School improvement serves as a framework for strategic planning that encourages educators to be able to target critical issues and make the learning experience, for all learners, a more positive one that includes social acceptance, differentiated instruction, as well as cultural and ethnic equality/equity. To complement a district’s framework, school improvement must transpire, especially if we are to arrive with the changing times.
There are teachers who genuinely feel that data-driven decision-making is relative in diverse settings. In some instances, it’s not merely emphasized enough. In other instances, data-driven decision-making has gone into overload! Consequently, our absorption with the terminology, data-collection, driving instruction, instructional focus, and how teachers should remember the processes--even how they should present the data--are wearing on teachers. The critical issues are apparent--math, reading, student motivation, and attendance. How do we effectively teach the fundamentals of reading when a child is illiterate and has not experienced the text as his/her peers, possesses limited English, and/or scarcely comprehends what you’re trying to articulate? How do we encourage a child to attend school who possesses other circumstances beyond the classroom and/or our control? There are students who are not readily embraced by teachers, including teachers in special education. Can you image how that makes a parent feel, who entrusts us with their child? So that we don’t feel inhibited by individuals who aren’t serving a collective purpose, we can learn how to co-exist and make things work for the betterment of our students. When we don’t embrace collaborative-teaching, we don’t embrace the child, be it with and/or without special needs. I realize that we have teachers, like students, who are from a different era. However, it is paramount that we continue to come up with innovative ways to enhance student and teacher performance--unless we want to continue to protest and question why things are the way they appear--while we make little-to-no-efforts to play a role in our schools’ accomplishments. If we are not entering the field of education to serve the welfare of the student, then what’s the purpose for, outside of having nine-to ten months out of the year to work, seeking a career in the educational framework? These are exemplars of careers that impact our lives at this very moment! If students are not sitting in a classroom being embraced by an honest and nurturing educator, then they will most likely be found outside actively-engaging in risky-behavior and/or being embraced by (or embracing) crime.
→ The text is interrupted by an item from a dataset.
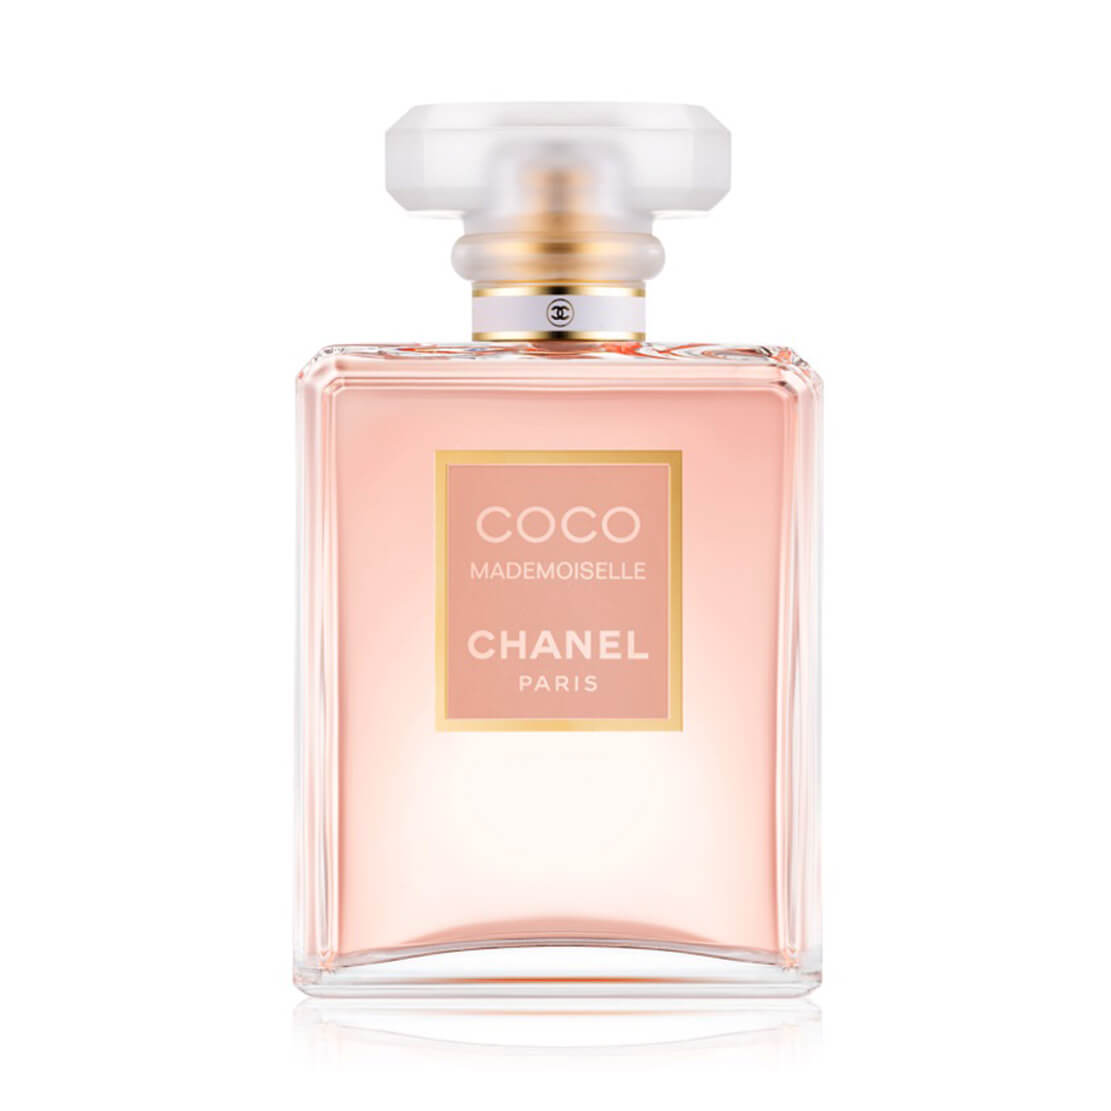 fragrances similar to coco mademoiselle

A curriculum shares a philosophy. Philosophy is important in determining curriculum decisions. While working on curriculum planning or implementation committees, I have found that a quality core curriculum provides a research-based framework; it aligns with state standards and district goals; it includes technology; it addresses individual differences; and it includes all learners. While I move forward, I realize that we must keep in mind that high expectations (with safety-nets) must be set for all learners, sustained communication with all stakeholders--that promote student success--must a primary focus, and contributions to the implementation of curriculum planning, instruction, and evaluation (addressing state and local alignment) must be monitored.